There are also a ton of crooks out there that do it for free because they tell you you need a pricey repair but do not give you a video for proof. I did one in Henderson three weeks ago where the HO had watched the plumber run the camera. 

The guy only got the camera in 10' and told the guy it was full of a hard substance he could not get past. His boss did not have a video but wrote a letter explaining the problem. The only thing I found at 10' was an 1/8 bend. However, I did find a 25' belly in the line just past the 1/8 bend. The plumber was right in that it needed a repair but he never would have known that because he never made it that far.

Mark


----------



## goodwin98

Protech I got about $13000 in everything and im not real sure on how long it will last.
I have been charging $300 maybe alittle high. I have found it kinda like pulling teeth getting the home onwer to use the camera and we all know it saves alot of money most times. ToUtahNow had the same kinda deal the other day 3 plumbers were there with different opinions 2 being dig it up one tryed with the camera but was to scared to go past the first 5' I used the camera and then jetted it and cameraed it again and problem solved!


----------



## Protech

say you get 100 uses out of your equipment as I doubt you'll get any more than that.

That means you need to charge a minimum of $130 per use just to cover the equipment costs. This does not include gas getting to the job, wear and tear on the vehicle, amortized insurance costs, amortized advertising costs, employee labor, and uhhhhh oh yeah PROFIT.

I would say your right on the money at $300 or even a bit low.


----------



## goodwin98

What Kinda of cameras do you guys have and do you do any mainline jobs with them of do you need one of the those crawler cams? Im just wondering because there are alot of small towns around here that dont have a camera.


----------



## goodwin98

Yeah you got a good point theres always that PROFIT thing haha is that what im looking at 100 uses whats the first thing to go on the camera?


----------



## breid1903

you don't need or want all the camera work. only the profitable. sit down with notebook and figure out what your true cost of operation is. figure in repair costs. then your profit. add them together. that is what you charge. ps. i would tell all my plumber friends how much a camera costs, how much upkeep there is and that if i had to do it over again i would never have bought the thing. but you are just trying to pay off your investment. hopefully this ain't true but you don't want them to buy a camera. i would use the search function on here and over at the dark side (ridgidforum). you will get a feel for camera problems and costs of repair. i would flat out lie to my buds about costs of keeping it going. breid...........:rockon:


----------



## PlumbingTheCape

We charge R675-00 which is like 100 US Dollars. 99% of the time we get the job to do the repair , so it does make a profit.... If its used and marketed correctly


----------



## SewerRatz

If they call us to rod their main sewer and I feel there is a problem out there, I will run the camera at no charge. I want to see what the issue is, if its just tree roots I will use other cutters to do them a proper job. If there is a break in their line I will show it to them then.

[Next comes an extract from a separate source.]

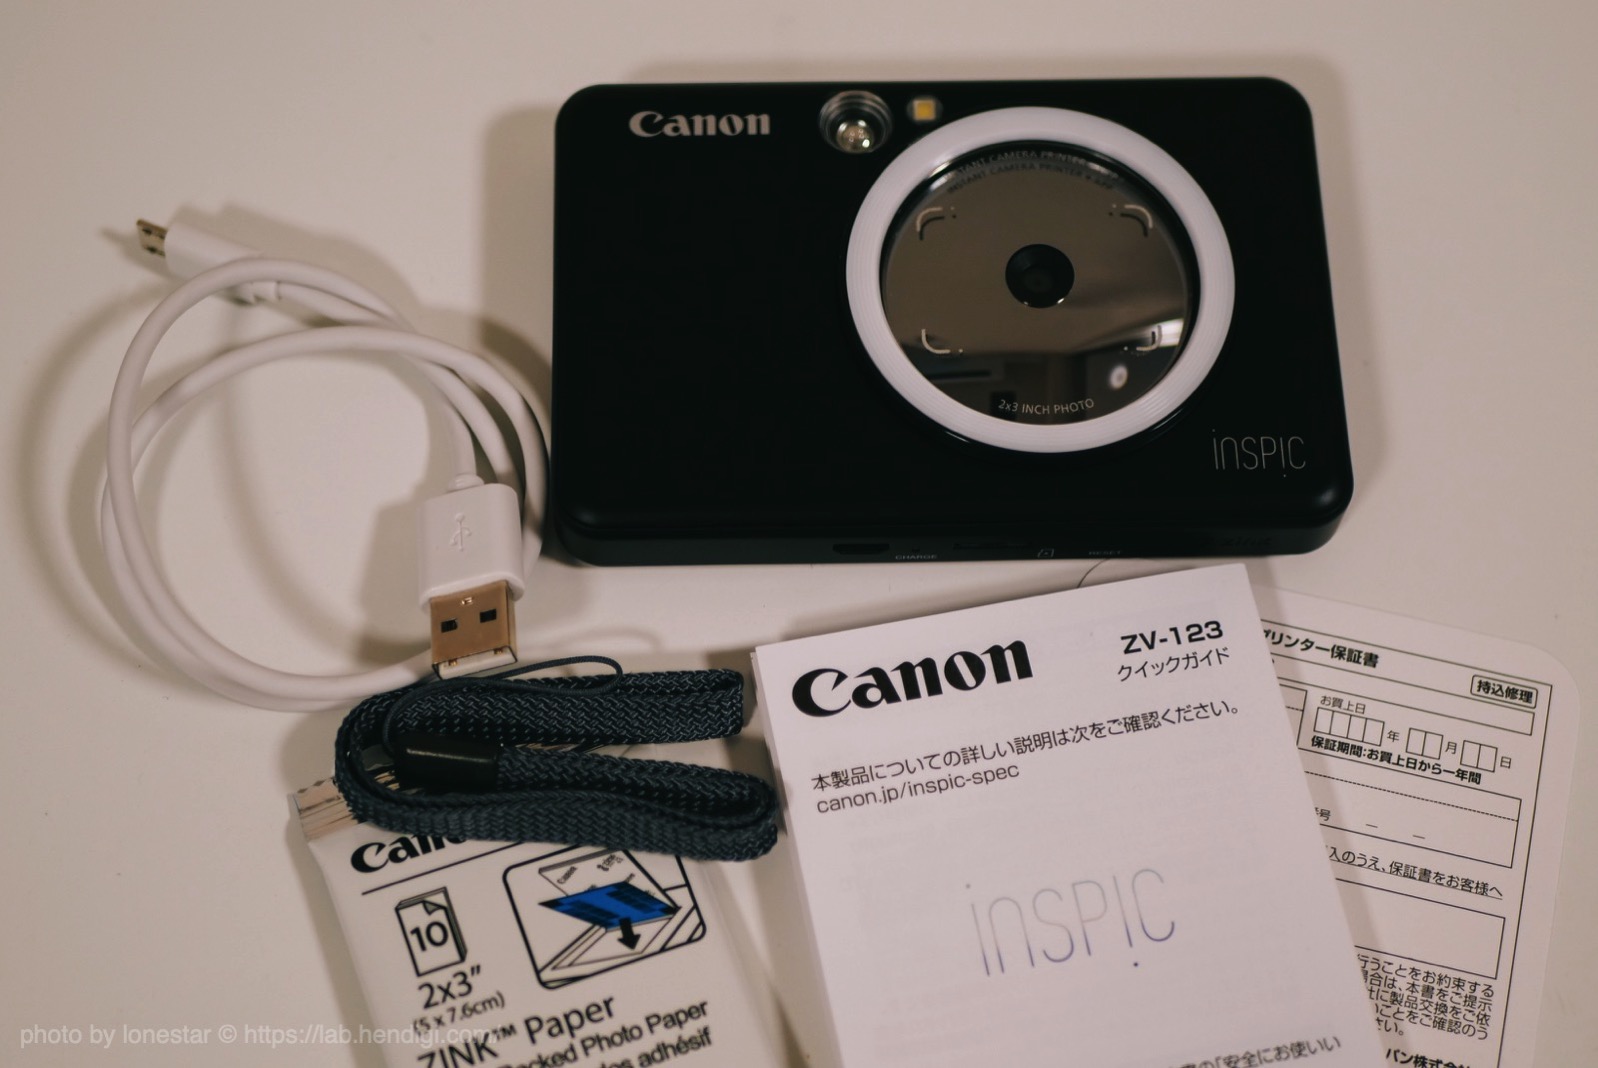 ☆送料無料☆ 当日発送可能 キャノン inspic スマホプリンター Canon ZV-123-PW

Now if some one calls me out of the blue to televise their sewer we have a camera charge with our service call and hourly labor charge.


----------



## JK949

goodwin98 said:


> whats the first thing to go on the camera?


Generally power and connector cables unless you damage the rod and/or lose the camera head in the process.


----------



## ranman

here there is a guy who does any drain for 49.95 and a free camera. hes licensed and insured, i checked.. how can he make any money. I have not used my sewer machine yet. I guess it will last forever. lol


----------



## goodwin98

ranman said:


> here there is a guy who does any drain for 49.95 and a free camera. hes licensed and insured, i checked.. how can he make any money. I have not used my sewer machine yet. I guess it will last forever. lol


You couldn't get me to load the camera in the truck for $50 but that's just me!


----------



## ranman

yea thats how i feel. i refuse to devalue my trade by working for nothing. 
some are willing to compete to be the cheapest. 

lol


goodwin98 said:


> You couldn't get me to load the camera in the truck for $50 but that's just me!


----------



## Redwood

ranman said:


> here there is a guy who does any drain for 49.95 and a free camera. hes licensed and insured, i checked.. how can he make any money. I have not used my sewer machine yet. I guess it will last forever. lol


You can bet there are quite a few digs involved...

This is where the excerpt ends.